(Beginning of Material for this task)
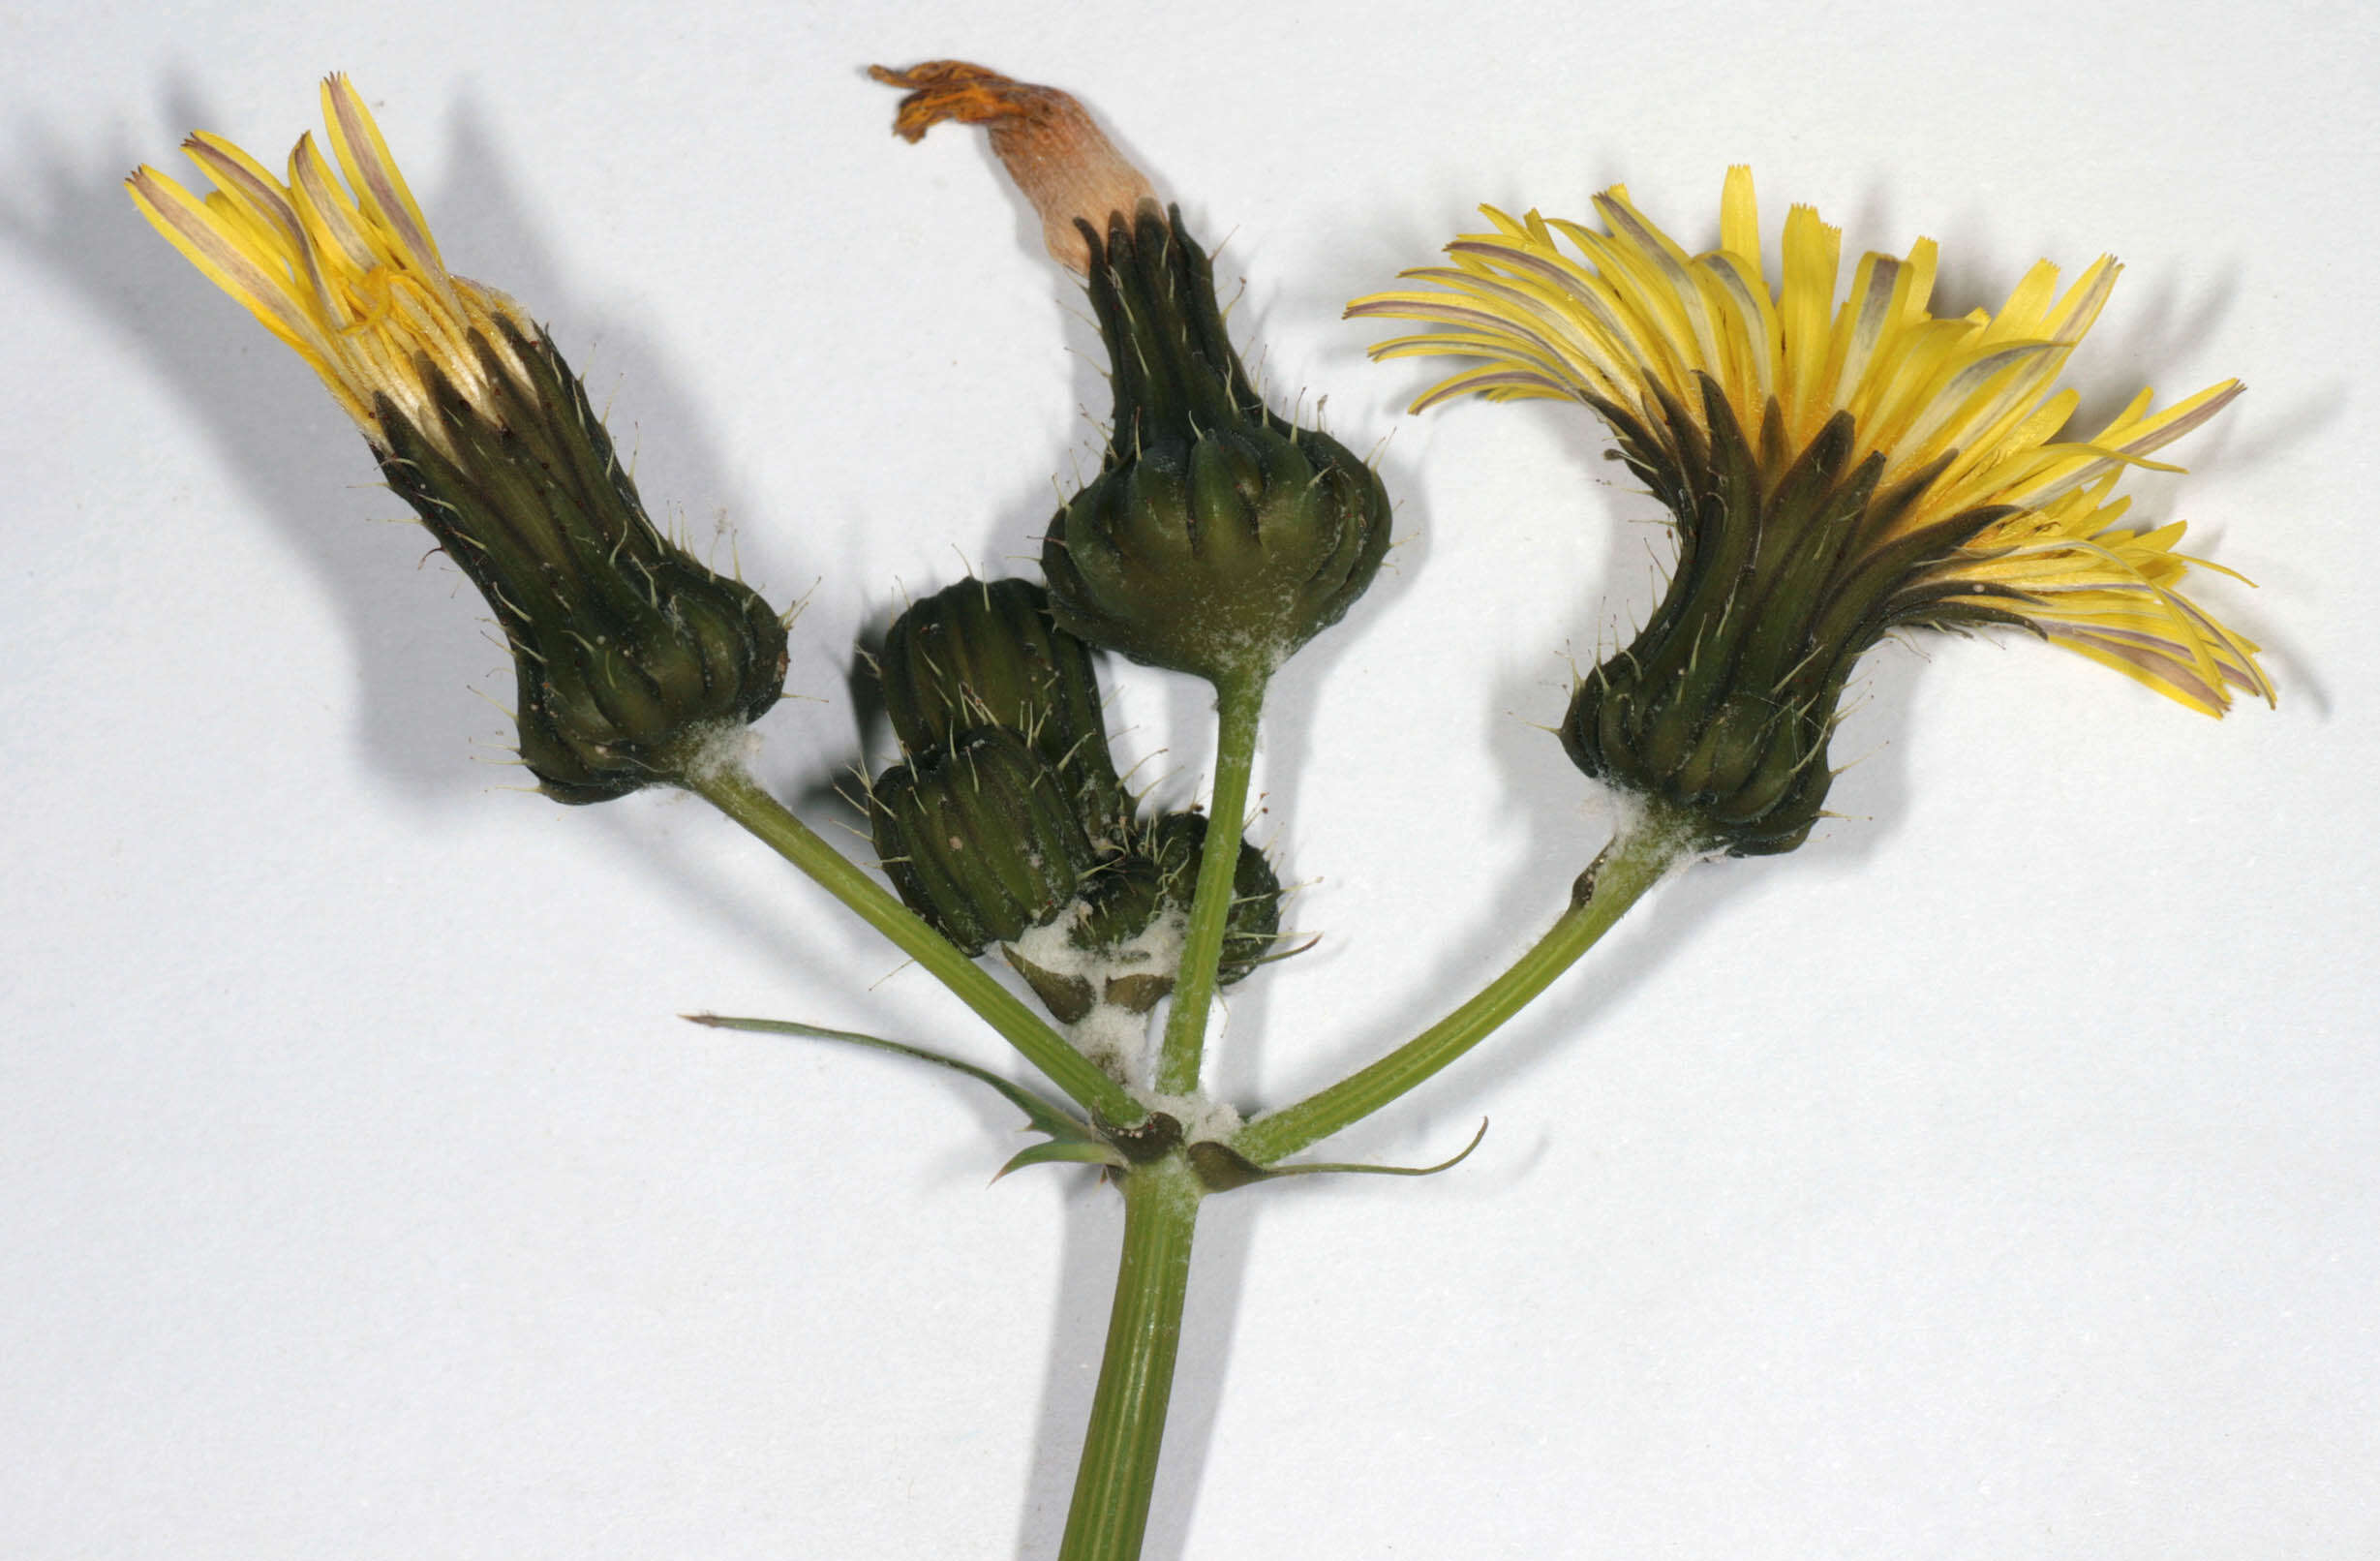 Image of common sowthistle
(End of Material for this task)
(Beginning of Material for this task)
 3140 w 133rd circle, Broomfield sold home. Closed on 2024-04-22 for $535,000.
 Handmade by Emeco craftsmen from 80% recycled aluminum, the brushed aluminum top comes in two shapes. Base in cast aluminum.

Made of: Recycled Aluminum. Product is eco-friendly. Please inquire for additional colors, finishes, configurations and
(End of Material for this task)
» Description of the task: Would you retype exactly the lines above, from the line with "Handmade by Emeco" to the line with "Made of: Recycled", with both end lines kept and nothing more?

» Task result:
 Handmade by Emeco craftsmen from 80% recycled aluminum, the brushed aluminum top comes in two shapes. Base in cast aluminum.

Made of: Recycled Aluminum. Product is eco-friendly. Please inquire for additional colors, finishes, configurations and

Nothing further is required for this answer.